The trials covered a range of severities of ABI. Three studies (Cicerone 2008; Wade 1997; Wade 1998) recruited people with brain injury of all severities, two (Elgmark 2007; Paniak 1998) recruited only people with mild TBI and the remainder recruited people with moderate to severe ABI. Between them, trials recruited 2729 patients and 132 carers.

Interventions

The interventions studied also varied. However, trials could be divided broadly into the following categories.

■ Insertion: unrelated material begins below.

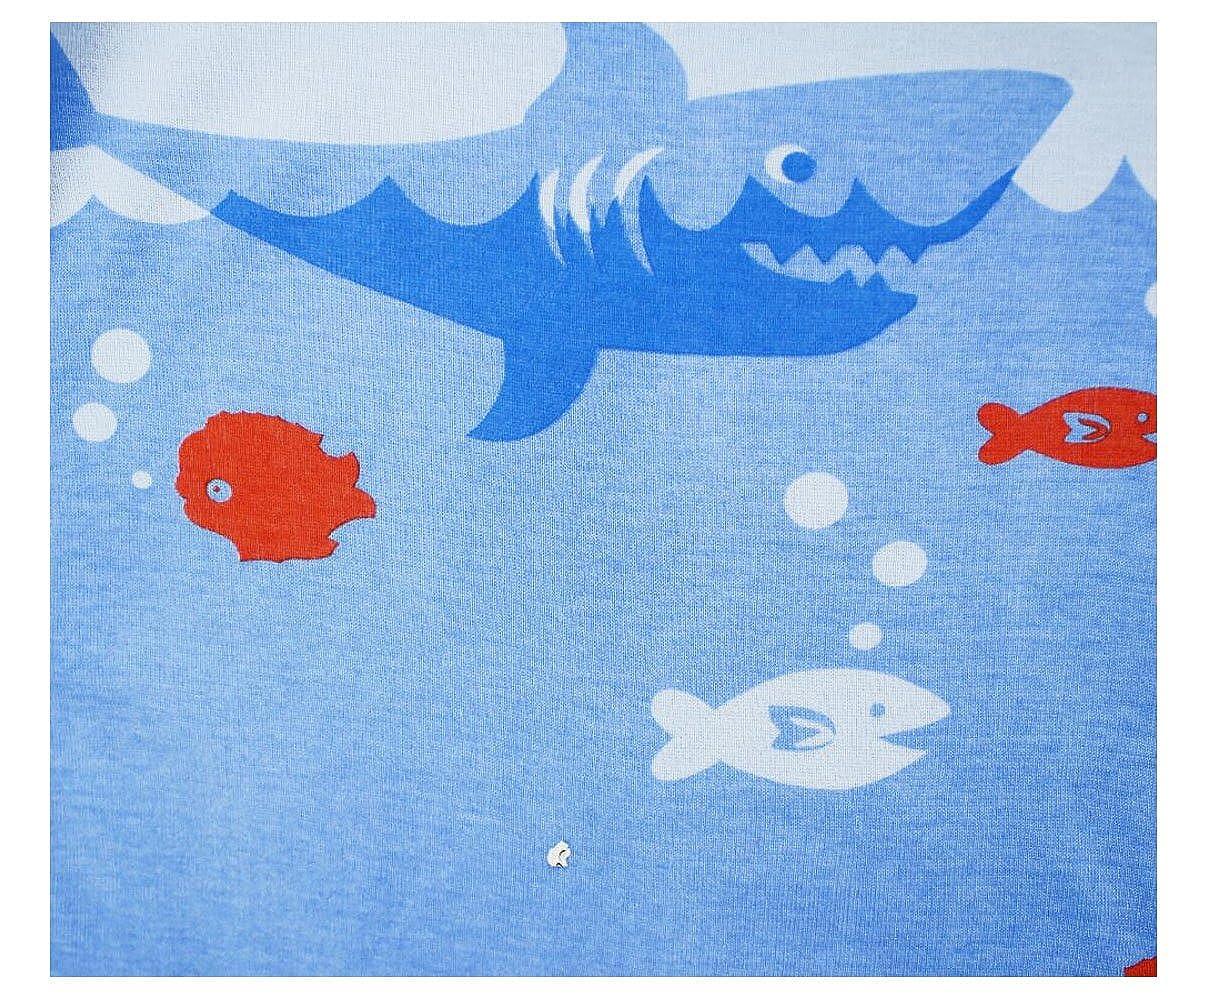 Gold treasure Little Kids Sleepwear Long Sleeve Pajama Set with Cartoon Ocean Shark-Hunting

Five trials (Elgmark 2007; Paniak 1998; Salazar 2000; Wade 1997; Wade 1998) enrolled all patients presenting acutely to hospital with TBI and included populations predominantly in the milder ambulatory category. The intervention was targeted primarily at increasing participation (social integration, return to work, etc.) and reducing post‐concussional symptoms.
Two trials (Andelic 2012; Bai 2012) enrolled patients with moderate to severe TBI during acute stages of recovery. In these trials, participants received some form of very early rehabilitation alongside their acute medical management. As a result of the severity of their injuries, rehabilitation emphasised reducing disability.
Twelve trials (Björkdahl 2006; Bowen 2001; Cicerone 2008; Kwakkel 1999; Ozdemir 2001; Powell 2002; Semlyen 1998; Shiel 2001; Slade 2002; Smith 1981; Werner 1996; Zhu 2007) enrolled patients (following TBI or stroke) who were already presenting to rehabilitation services. This group, therefore, had greater levels of motor impairment and dependence on personal activities of daily living (ADLs), and interventions were targeted at improving function in ADLs (reduced disability), although measures of participation (reduced handicap) sometimes were also included.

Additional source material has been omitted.